Could this week’s Supreme Court abortion pill case affect gender-affirming care?

OPINION: The Comstock Act, a 150-year-old federal obscenity law, has advocates on edge

The United States Supreme Court heard arguments Tuesday on a case that could have far-reaching consequences on access to mifepristone, an abortion pill. Some advocates are worried it could also have a significant impact on access to gender-affirming care for trans people over the long run.

The case, FDA v. Alliance for Hippocratic Medicine, is a dispute between the Food and Drug Administration and a newly formed anti-abortion group over whether the federal agency is allowed to approve distribution of mifepristone through the mail. At the heart of the case is a question over whether the FDA should allow abortion pill prescriptions through telemedicine and whether it should be made available through 10 weeks of pregnancy. But another aspect of the case could end up reviving a century-and-a-half-old federal law against obscenity that is no longer enforced: the Comstock Act.

According to Vox’s courts correspondent Ian Millhiser, the Comstock Act was originally written and passed in 1873—a time in U.S. history when the concept of constitutional free speech functionally didn’t exist. Named after an overzealous anti-vice campaigner and mail inspector, Anthony Comstock, the bill was first signed into law by President Ulysses S. Grant.

It was originally designed to restrict the spread of “corrupting” materials meant to appeal to a “prurient interest,” along with restricting distribution of abortion-related materials. Comstock himself used the law to target and persecute hundreds of abortion providers, and even once bragged about how his prosecution of abortion providers resulted in multiple suicides.

The law granted sweeping power to government and postal service officials who objected to all sorts of perceived “sexual materials,” and in many ways the overzealous pursuit of enforcing the law birthed the modern free speech legal movement.

In the early 1970s, two Supreme Court cases, Roe v. Wade and Miller v. California, essentially put enforcement of Comstock on ice, though it still remains on the books. Roe essentially nullified enforcement of its anti-abortion provisions, while Miller heavily limited the definition of “obscene” materials classified as illegal under Comstock.

Since the overturning of Roe in 2022, anti-abortion activists have begun to push for a restoration of enforcement of Comstock and Tuesday’s case was supposed to be the first big step toward that goal.

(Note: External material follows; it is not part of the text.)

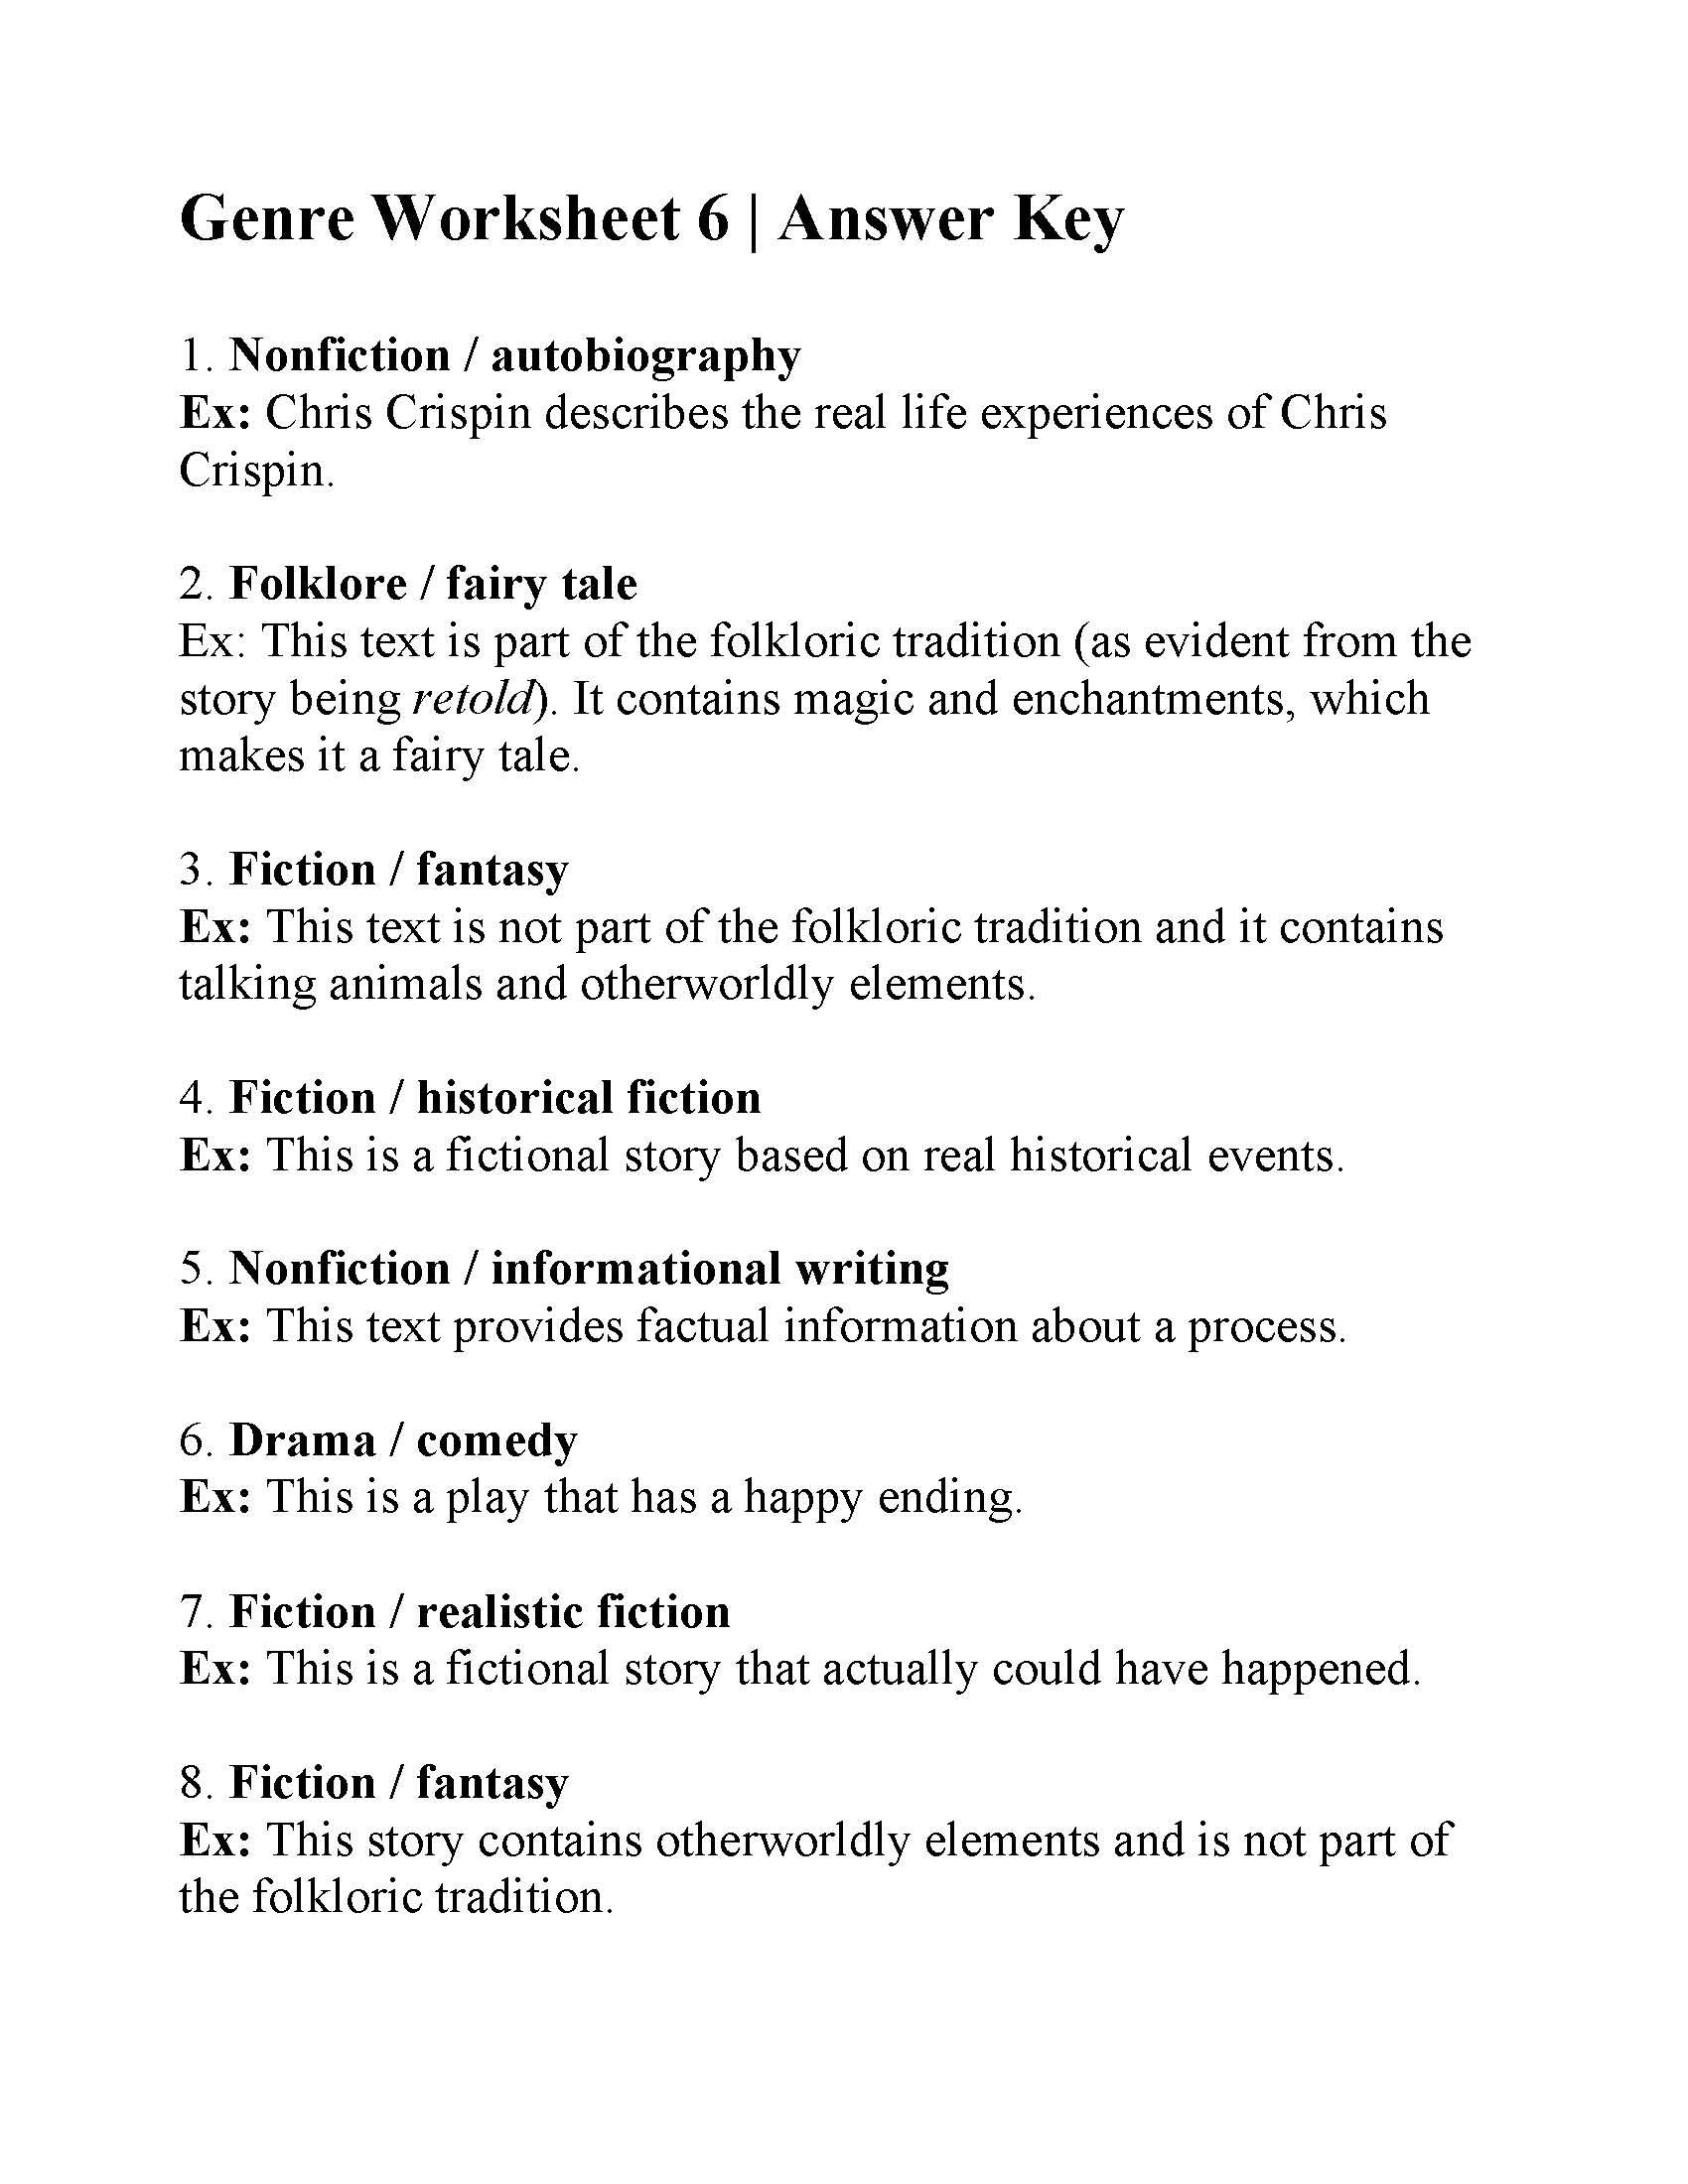 Genre Worksheet 6 | Answers

Thankfully, the case met a skeptical audience at the high court this week, with only the ultra-conservative justices Samual Alito and Clarence Thomas showing sympathy to the anti-abortion group’s arguments.

If the court were to choose to restore Comstock’s anti-abortion provisions, though, that could potentially be used to crack down on hormones and puberty blockers distributed through the mail. Many conservatives have taken to pushing back against gender-affirming care on the same basis as they push back on abortion access. In 2023, conservatives in Nebraska linked the two issues by passing a 12-week abortion ban and a ban on gender-affirming care for minors in the same bill. 

 

Comstock could turn into an even more powerful conservative weapon if conservatives try to reinstate the heavy restrictions on distributing so-called “obscene” material. This, after all, was the claim that drove a small number of conservative activists to ban and in some cases even burn hundreds of books with queer and trans themes.

Conservatives with a renewed Comstock Act could run rampant over American culture, and trans people would be put at the tip of the sword. Perhaps even articles like the one I’m writing could be deemed illegal, the wording of the law is certainly vague enough. Early courts instituted the “Hicklin” rule as the enforcement standard for this part of Comstock. The rule stated that art, literature or other creative works could be banned if they could “deprave and corrupt those whose minds are open to such immoral influences and into whose hands a publication of this sort may fall.” Under modern conservative political theory, anything remotely positive toward queer or trans identities is a so-called corruption of youth.

It’s not difficult to imagine a conservative president using this law to purge society of all things trans- and queer-related.

That would likely take another Supreme Court decision or two to put in place, and thankfully even many of the conservative justices on this court seemed reluctant to give another win to the conservative movement. There’s been a growing chorus of progressives and pro-choice activists for Democrats to officially repeal the Comstock Act in full.

Given the electoral environment we’re in now, it seems like a good call for Democrats to campaign on Comstock, or at least the reproductive rights part of the issue. It remains to be seen whether even a Democratic trifecta of controlling both houses of Congress and the White House would be able to repeal the law, which would likely have to overcome a Republican filibuster. 

But for LGBTQ2S+ people and reproductive rights advocates, the Comstock Act is another reminder that our best interest—and our liberation—lies in having a government that stays out of our personal lives.

Katelyn Burns is a freelance journalist and columnist for Xtra and MSNBC. She was the first openly trans Capitol Hill reporter in U.S. history.